Launch of a wellness support program to reduce medication costs and provide personalized nutrition guidance.
Partnership with Giada De Laurentiis to enhance brand appeal through Italian-inspired meals.
Slight revenue growth in Q3 2026 (up 0.67% YoY).
Significant drop in net income (-315.50% YoY) and EPS (-340.48% YoY) in Q3
Analysts are cautious, with multiple downgrades and reduced price targets.

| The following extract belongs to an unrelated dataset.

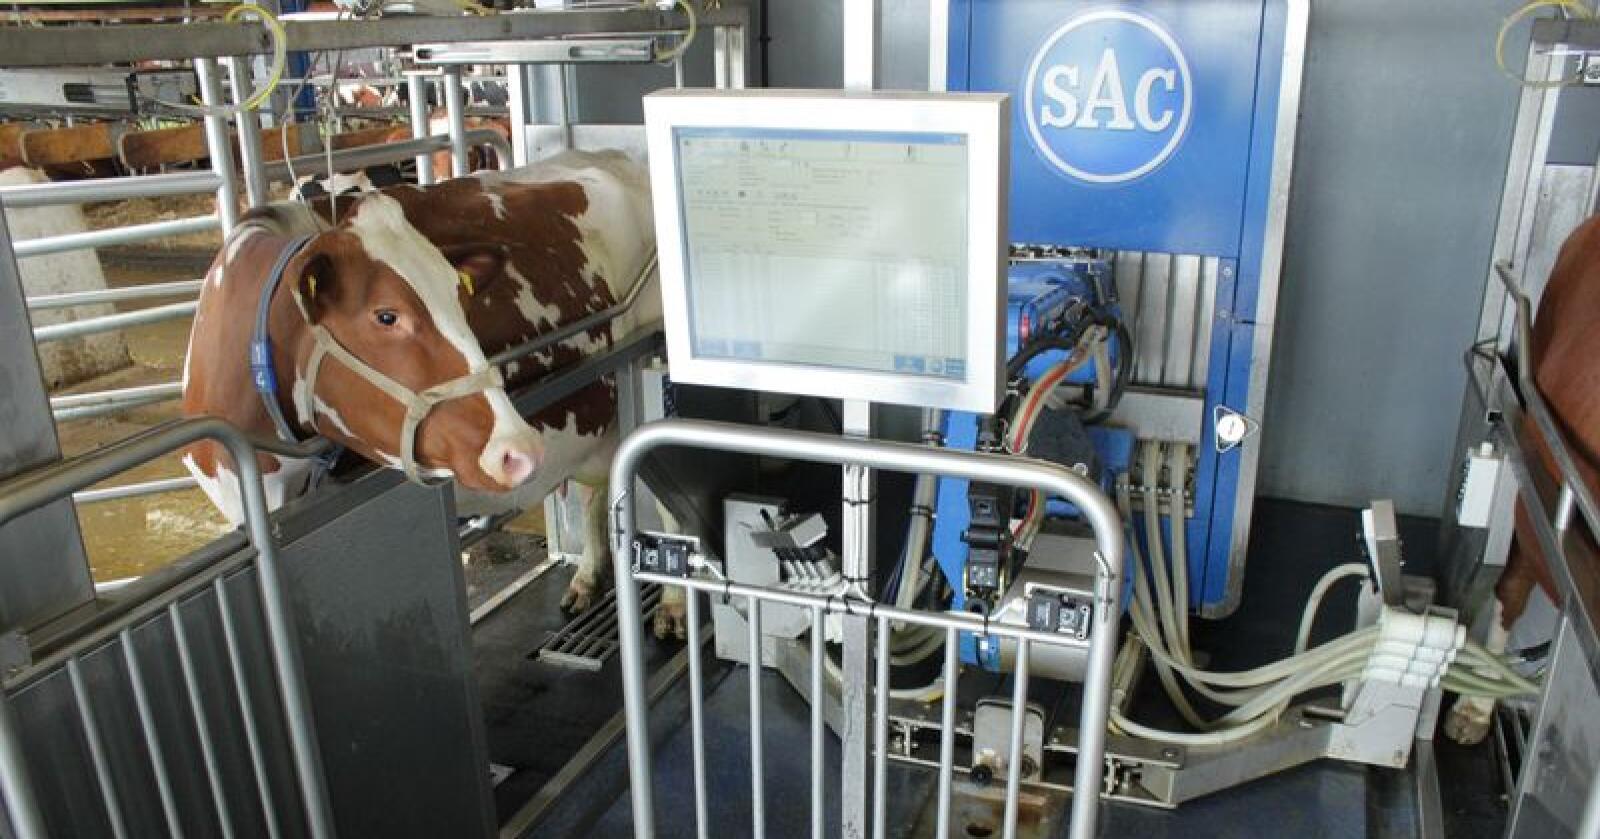 Roboter installeres i både nye og eldre, store og mindre fjøs. Utsikten til et mer sosialt liv er drivkraften for mange bønder. Foto: SAC

Muted growth outlook in the grocery sector due to food disinflation and reduced government benefits.
In Q3 2026, Kroger's revenue increased by 0.67% YoY to $33.86 billion. However, net income dropped significantly to -$1.32 billion (-315.50% YoY), and EPS fell to -2.02 (-340.48% YoY). Gross margin improved slightly to 21.03%, up 2.09% YoY.
Analysts are largely neutral or cautious on KR. Wells Fargo downgraded the stock to Equal Weight with a $68 price target, citing near-term earnings risks and muted core growth. Deutsche Bank resumed coverage with a Buy rating and a $75 price target, highlighting potential tailwinds in 2026. However, other firms like Barclays, Citi, and Morgan Stanley have lowered price targets, reflecting a cautious outlook.